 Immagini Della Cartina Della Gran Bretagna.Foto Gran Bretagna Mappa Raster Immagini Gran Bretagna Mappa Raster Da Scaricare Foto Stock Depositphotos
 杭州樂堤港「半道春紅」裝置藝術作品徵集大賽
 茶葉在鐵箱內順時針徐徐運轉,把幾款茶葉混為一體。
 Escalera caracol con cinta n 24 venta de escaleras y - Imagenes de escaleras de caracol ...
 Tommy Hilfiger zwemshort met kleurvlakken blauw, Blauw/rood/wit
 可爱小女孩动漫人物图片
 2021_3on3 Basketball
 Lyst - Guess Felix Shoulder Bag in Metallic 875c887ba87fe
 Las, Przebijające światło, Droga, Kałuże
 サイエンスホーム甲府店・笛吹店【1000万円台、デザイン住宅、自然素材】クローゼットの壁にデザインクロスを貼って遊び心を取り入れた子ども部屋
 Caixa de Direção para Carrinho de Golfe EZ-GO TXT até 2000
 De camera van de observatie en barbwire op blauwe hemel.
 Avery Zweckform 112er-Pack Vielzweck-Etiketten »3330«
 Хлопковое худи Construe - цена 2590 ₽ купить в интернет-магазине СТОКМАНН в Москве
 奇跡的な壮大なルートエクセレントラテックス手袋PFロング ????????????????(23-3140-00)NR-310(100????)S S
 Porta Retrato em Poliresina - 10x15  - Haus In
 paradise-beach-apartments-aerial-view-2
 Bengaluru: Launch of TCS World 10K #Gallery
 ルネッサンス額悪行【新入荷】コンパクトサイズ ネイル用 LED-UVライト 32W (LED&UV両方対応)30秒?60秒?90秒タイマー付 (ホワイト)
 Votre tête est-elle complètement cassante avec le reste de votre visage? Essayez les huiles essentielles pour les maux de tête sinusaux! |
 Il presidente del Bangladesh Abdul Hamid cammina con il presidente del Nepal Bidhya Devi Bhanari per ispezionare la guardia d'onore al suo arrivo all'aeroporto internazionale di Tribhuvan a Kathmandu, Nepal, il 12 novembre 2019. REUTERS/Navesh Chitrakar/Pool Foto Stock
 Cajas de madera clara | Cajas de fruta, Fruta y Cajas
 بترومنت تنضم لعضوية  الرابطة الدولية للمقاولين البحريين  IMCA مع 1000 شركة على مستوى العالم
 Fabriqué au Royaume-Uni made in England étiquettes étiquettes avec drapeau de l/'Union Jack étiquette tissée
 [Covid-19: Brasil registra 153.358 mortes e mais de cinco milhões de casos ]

□ □ □ □ □

## Aim of the exercise
Among the lines of the listing above, which ones contain the word "Foto"? Show them.

## Answer box
 Immagini Della Cartina Della Gran Bretagna.Foto Gran Bretagna Mappa Raster Immagini Gran Bretagna Mappa Raster Da Scaricare Foto Stock Depositphotos
 Il presidente del Bangladesh Abdul Hamid cammina con il presidente del Nepal Bidhya Devi Bhanari per ispezionare la guardia d'onore al suo arrivo all'aeroporto internazionale di Tribhuvan a Kathmandu, Nepal, il 12 novembre 2019. REUTERS/Navesh Chitrakar/Pool Foto Stock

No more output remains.